Ich erschrak beim Klang dieser Worte und schluckte mehrmals. Aber was sollte ich sagen?
»Wie jetzt?« fragte ich.
David Unsold hatte Makis E-Mail prompt beantwortet: Marc Singer war im Herbst 1993 bei einem Autounfall tödlich verunglückt. Sein Kleinwagen war kurz vor Münster von einem LKW zerquetscht worden, der auf ein Stauende aufgefahren war. Marc Singer hatte Aachen nie erreicht.
»Ich fahre nach Hannover und werde Blumen auf sein Grab legen. Kommst du mit?« fragte Maki, nachdem sich ihre Stimme wieder beruhigt hatte.
»Ich? Nein. Ich will nicht auf einen Grabstein schauen, auf dem mein eigener Name steht. Tut mir leid, aber –«.
»Schon gut. Ich kann dich verstehen.«
Ich telefonierte mit einer Frau, die ich erst seit 24 Stunden kannte und die nicht zuletzt dank meines Engagements vom Tod ihres Exfreundes erfahren hatte, der wiederum meinen Namen trug und eigentlich meinen Platz am diesseitigen Ende der Leitung hätte einnehmen sollen. Das war zuviel für mich.

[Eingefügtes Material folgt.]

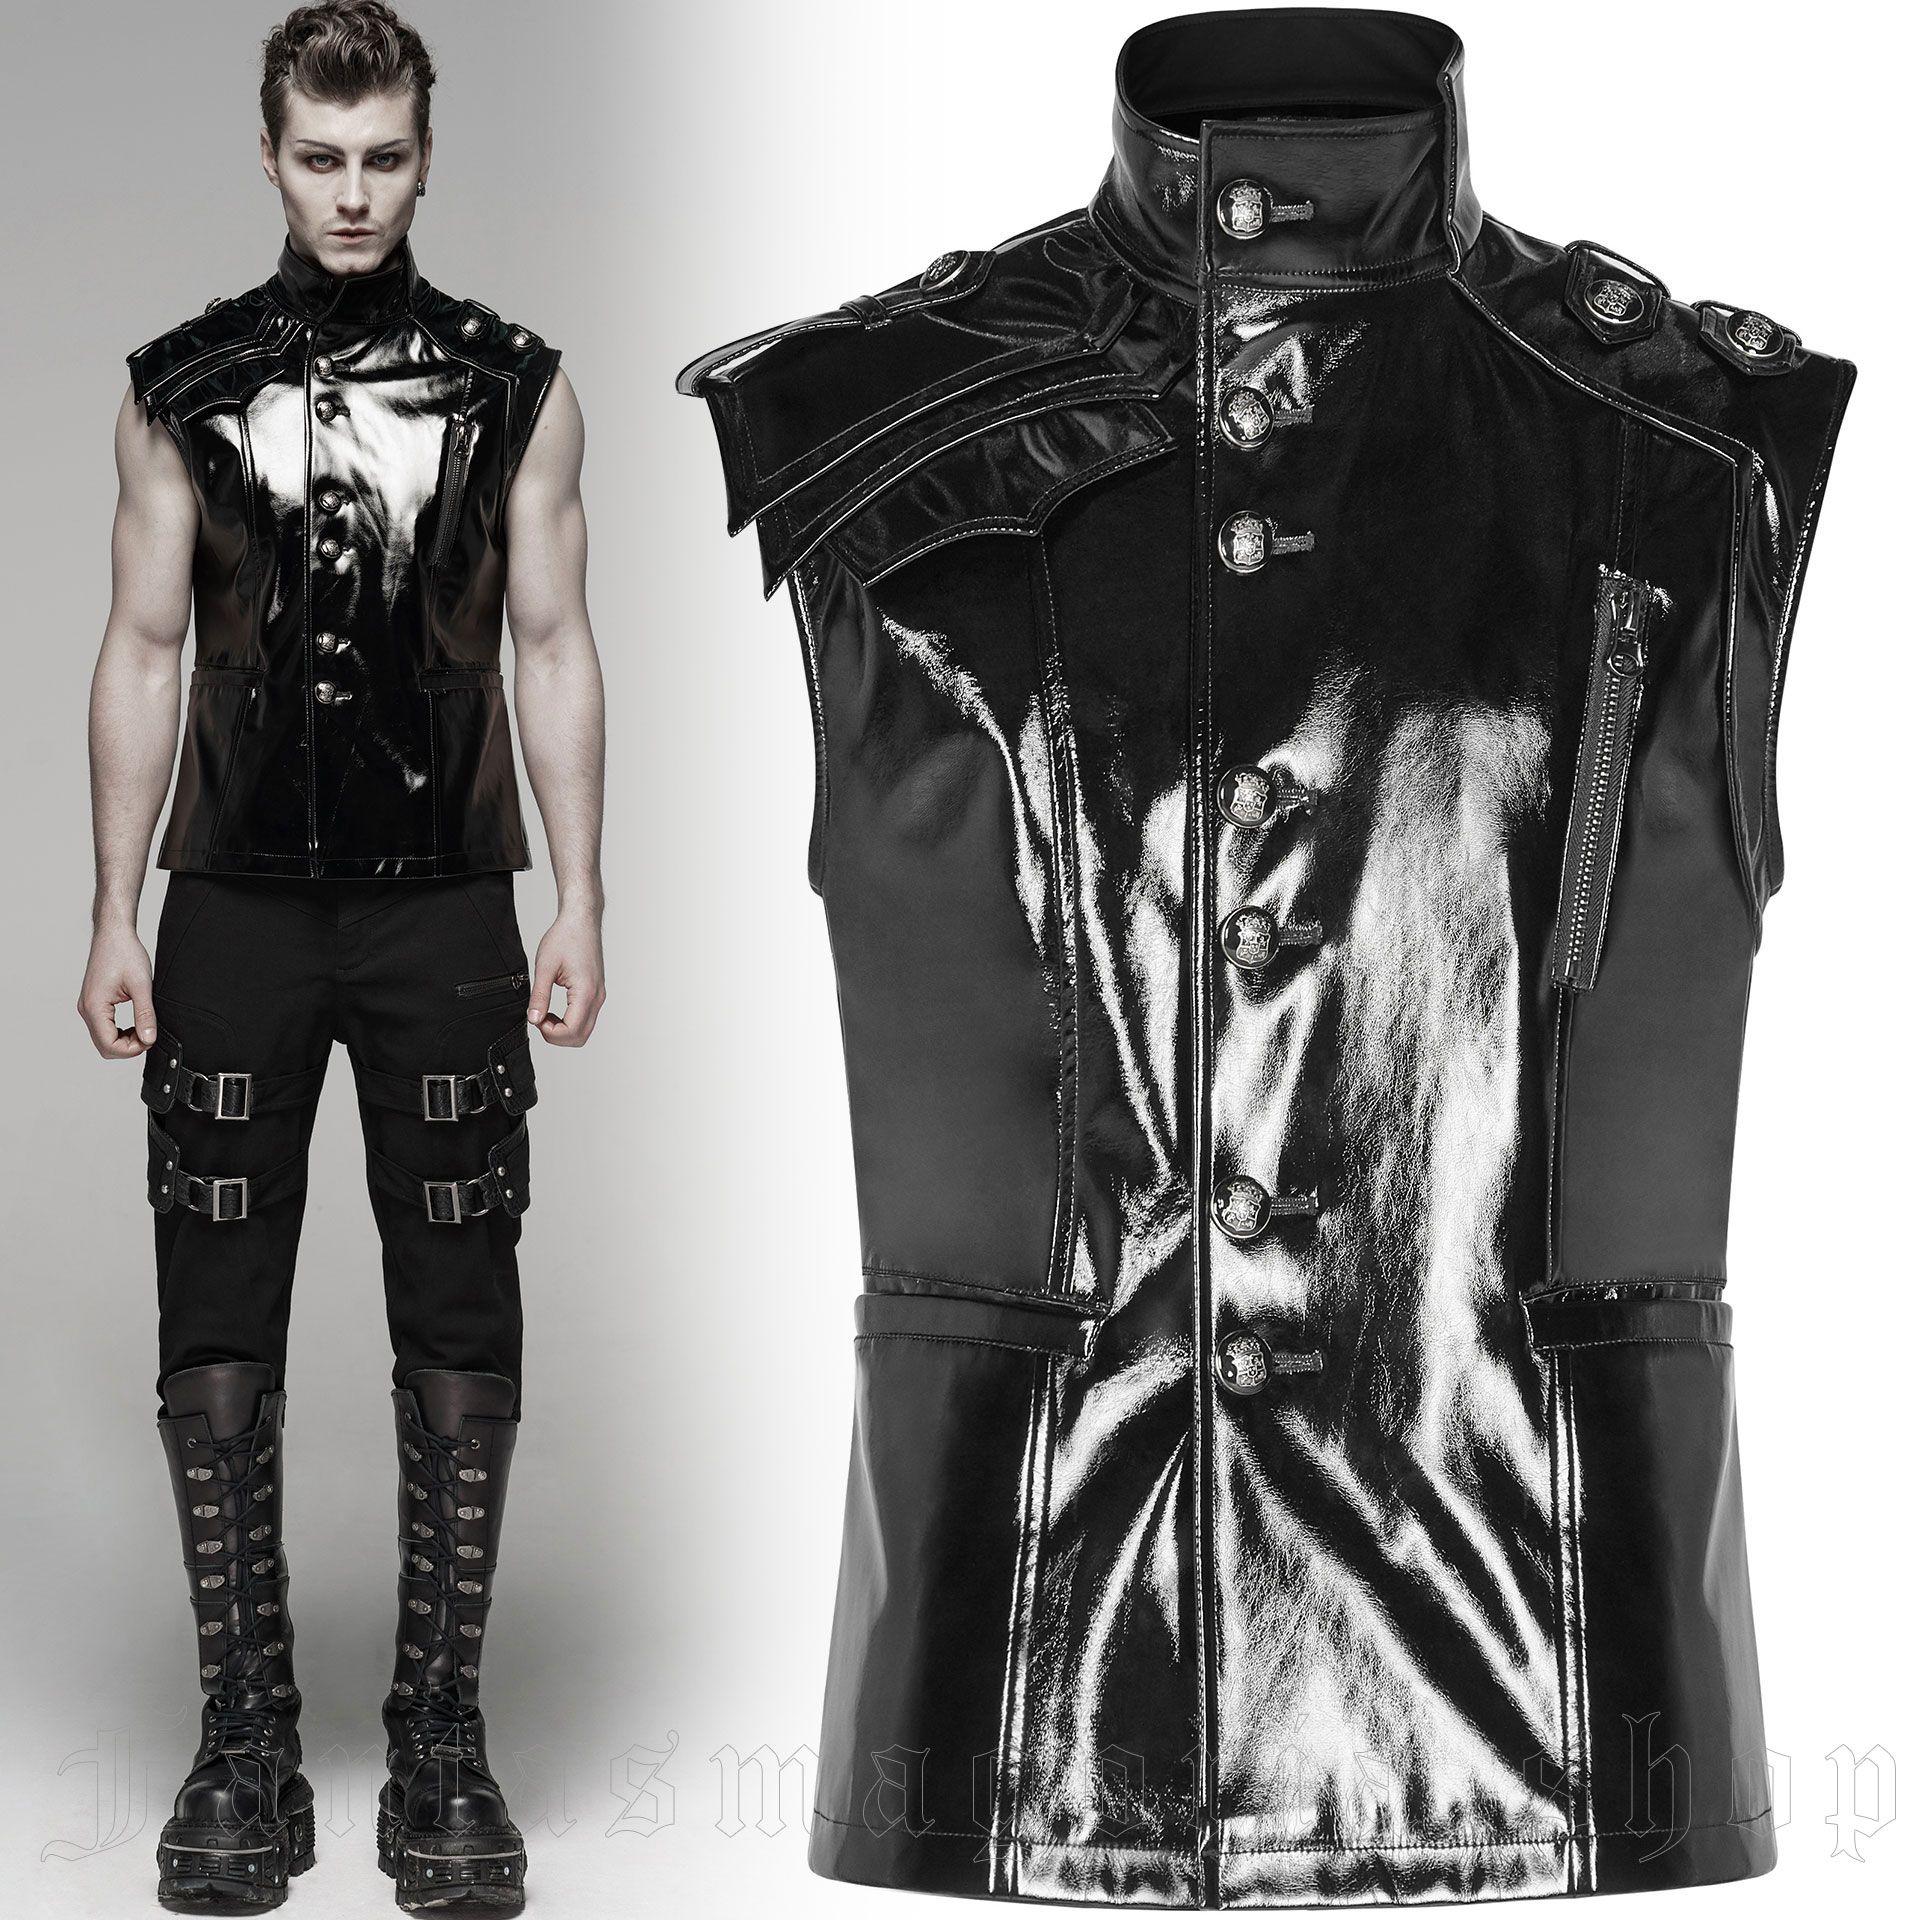 men's Mesmerizer Vest by PUNK RAVE brand, code: WY-1080

Ein Mensch mit meinem Namen existierte nicht mehr. Ich wurde das Gefühl nicht los, dass es da eine makabere Verbindung gab. Blödsinn, sagte ich mir, als Maki aufgelegt hatte, du bist doch sonst nicht für so was empfänglich. Dein Gehirn versucht bloß, dich aus der Fassung zu bringen und ein bisschen Alltagshorror zu kreieren, damit es mal wieder ordentlich Stresshormone ausschütten kann. Ich wollte nicht an den Tod denken und versuchte mich abzulenken. Ich starrte aus dem Fenster und zählte die Autos, die draußen vorbeifuhren. Ausgerechnet Autos! Der tote Marc Singer erhaschte mich wie ein angrifflustiger Moskito. Er stach zu und zwang mich, mich in die Rolle einer Tatort-Leiche hineinzuversetzen, die nicht mal im Abspann aufgeführt wird. Wer hatte um Marc Singer getrauert? Wer würde wohl um mich trauern, wenn ich an seiner Stelle gewesen wäre? Wer würde meine Nicht-mehr-Existenz auch nach Jahren noch jämmerlich beklagen? Meine Mutter fiel mir ein und meine engsten Freunde … zumindest meine Mutter. Mit gutem Willen maximal eine Handvoll Personen, was nicht gerade viel ist bei fast acht Milliarden Erdbewohnern, ja nicht mal viel bezogen auf all die Menschen, zu denen ich im Laufe meines Lebens mehr oder weniger intensive Bande geknüpft hatte. Diese Vorstellung erschreckte mich so sehr, dass ich mir im Fernsehen eine Folge von Wickie und die starken Männer ansah.